## Required work
Go through the listing below and repeat it exactly, dropping the pictures.

## Given material
··········

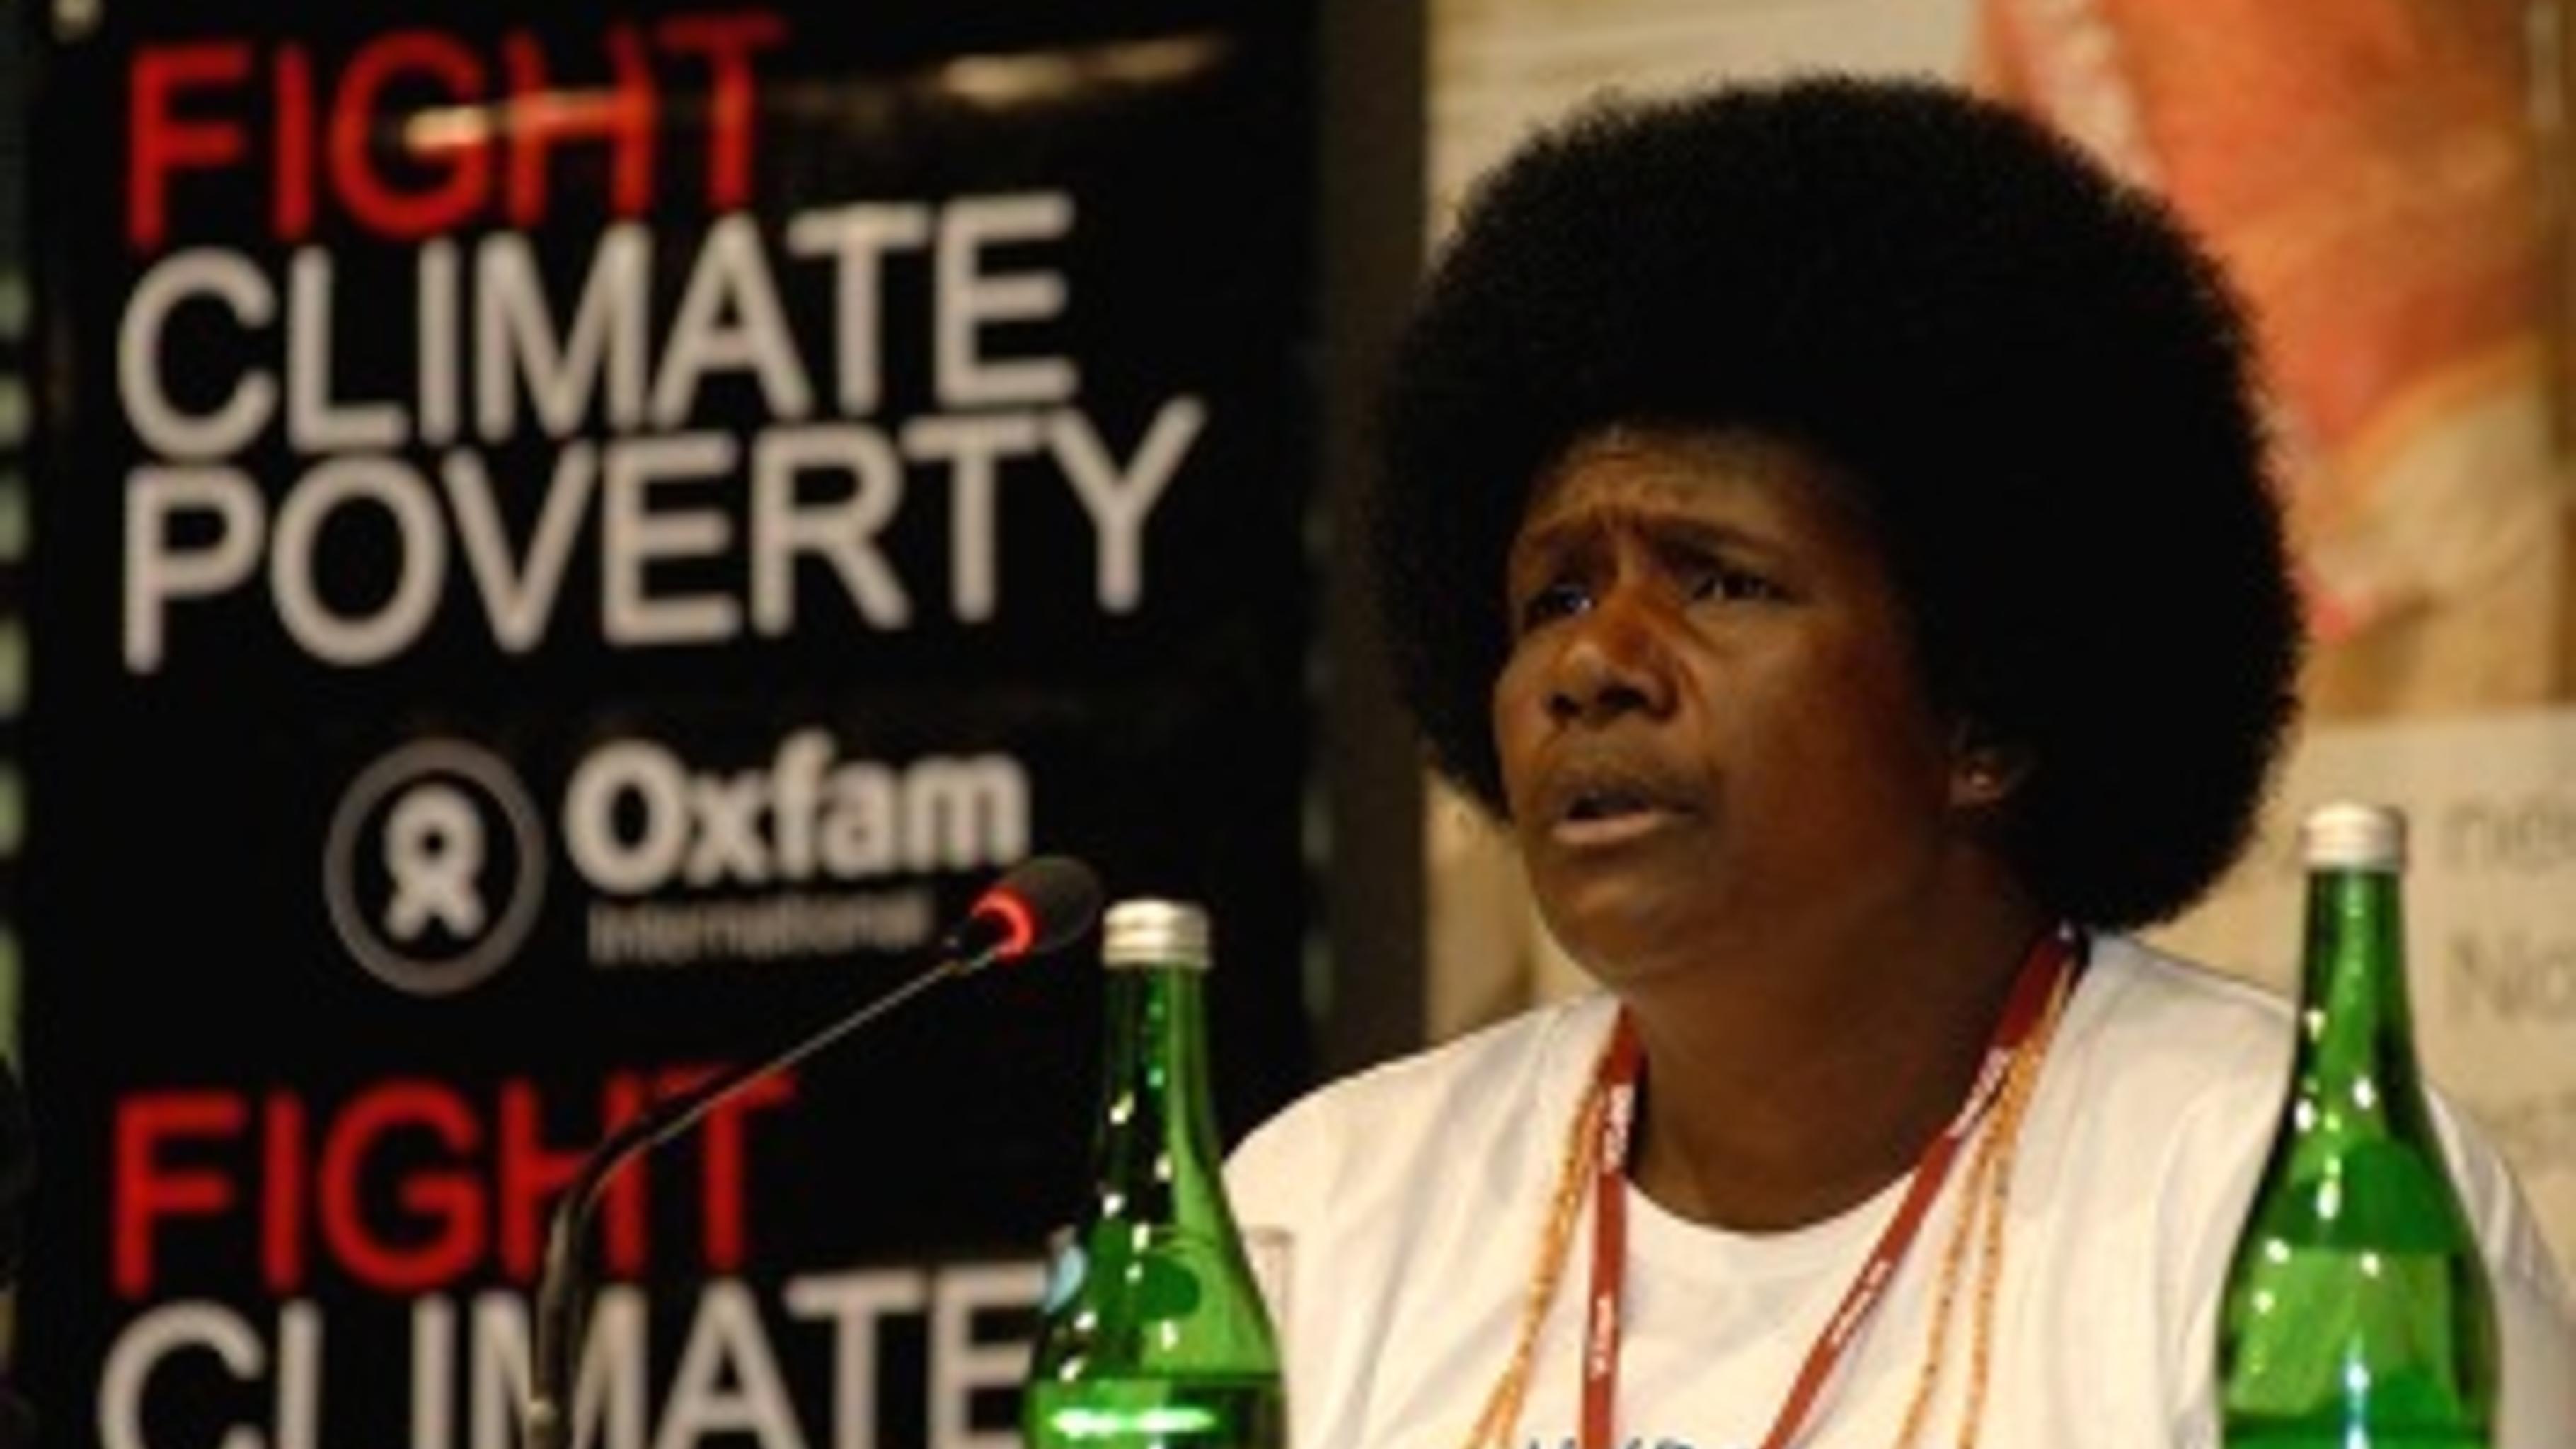 Ursula Rakova auf der UN-Klimakonferenz in Bali. © Ng Swan Ti/Oxfam.
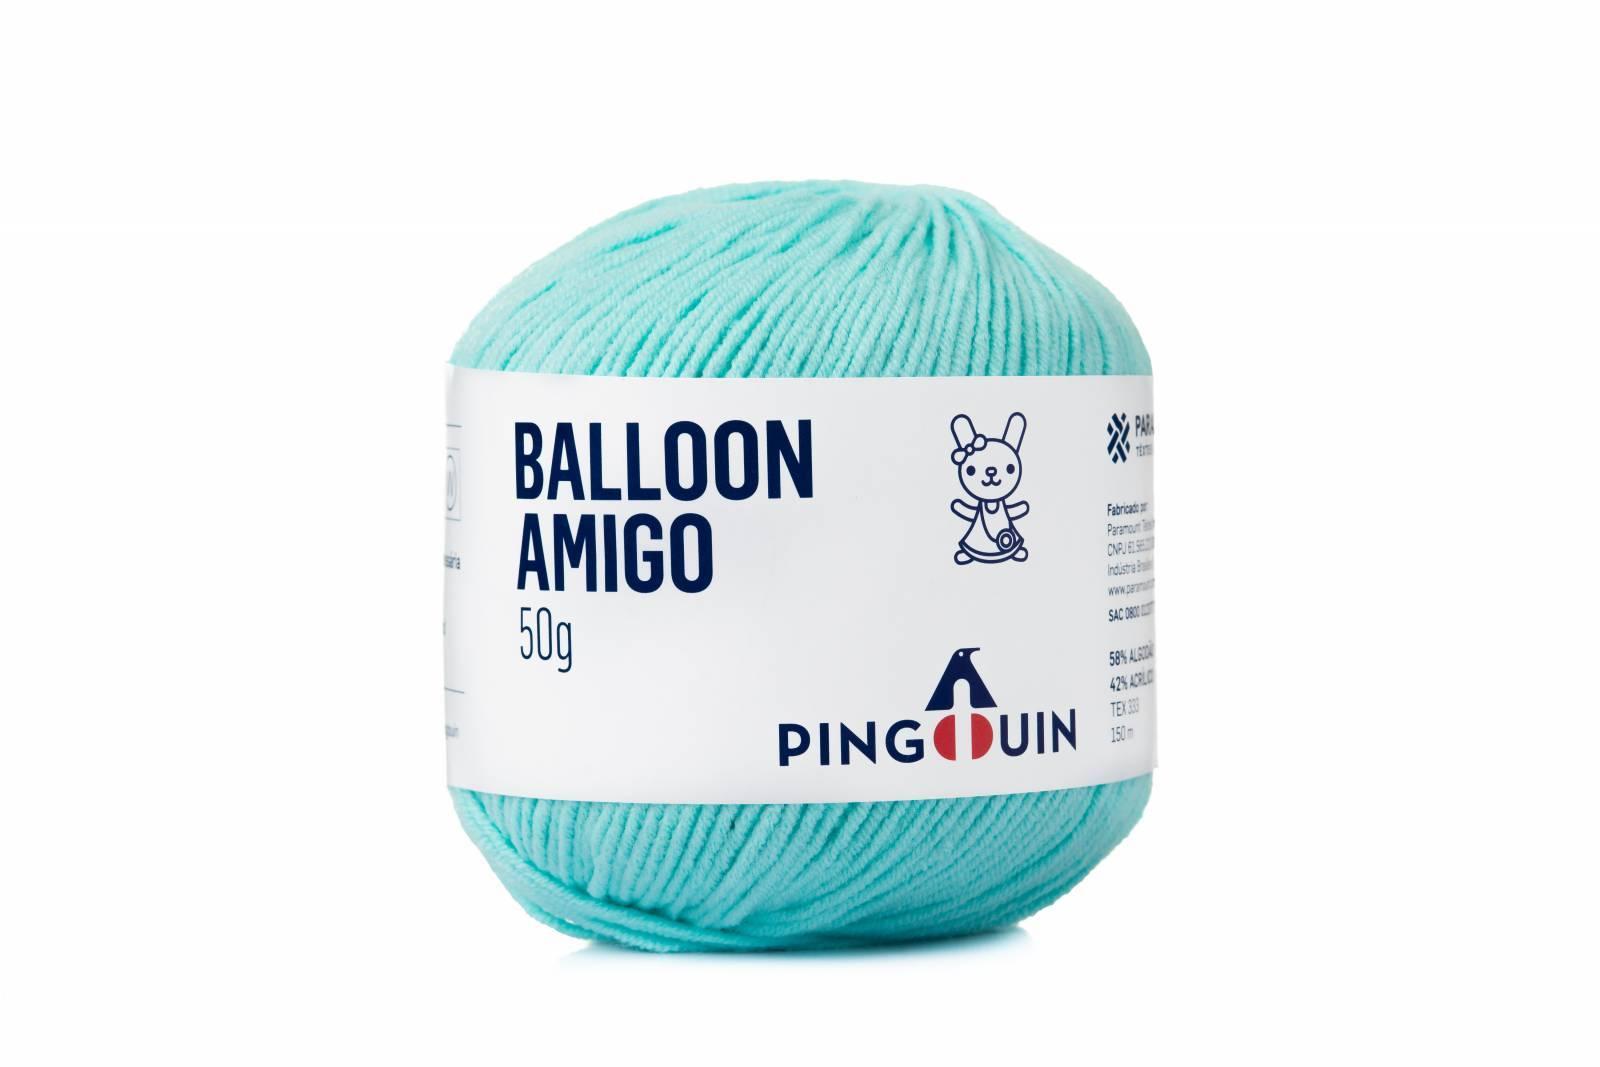 Balloon amigo 8590 Arpoador - BAÚ DA VOVÓ
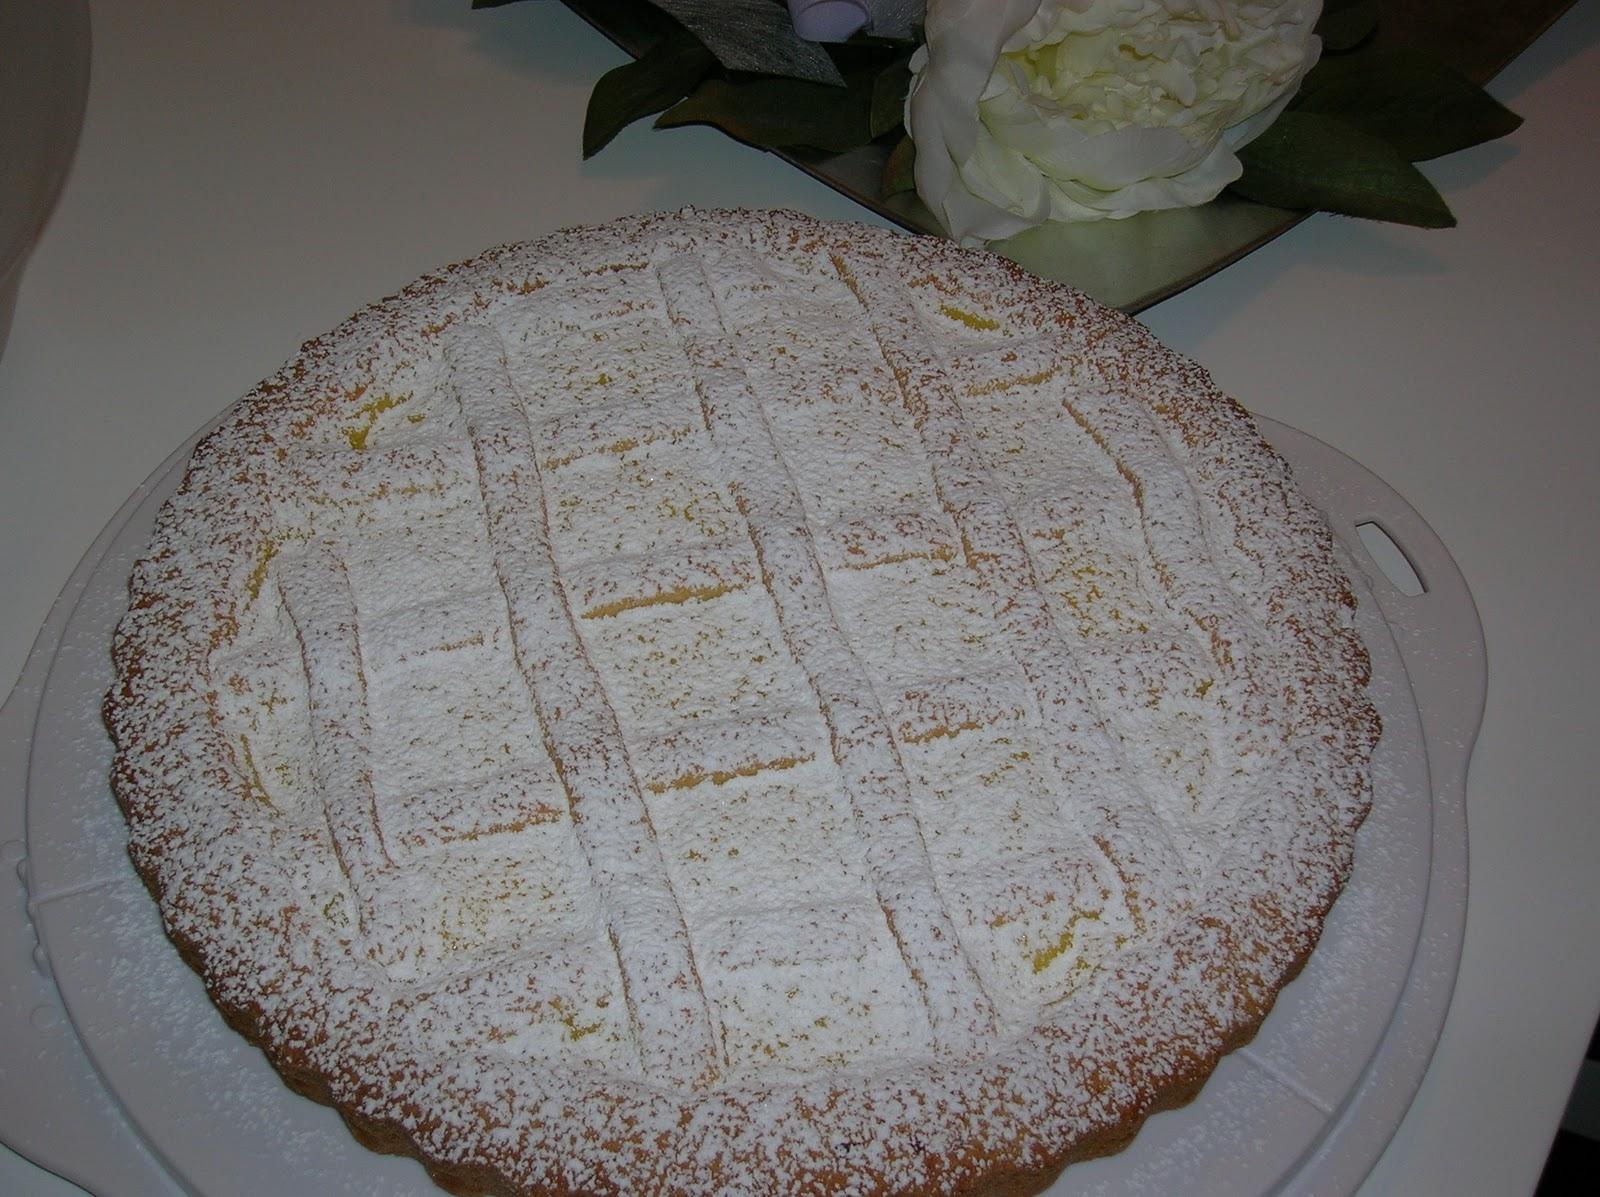 La cucina di alice crostata alla crema - La cucina di alice ...

··········

## Result of this exercise
 Ursula Rakova auf der UN-Klimakonferenz in Bali. © Ng Swan Ti/Oxfam.
 Balloon amigo 8590 Arpoador - BAÚ DA VOVÓ
 La cucina di alice crostata alla crema - La cucina di alice ...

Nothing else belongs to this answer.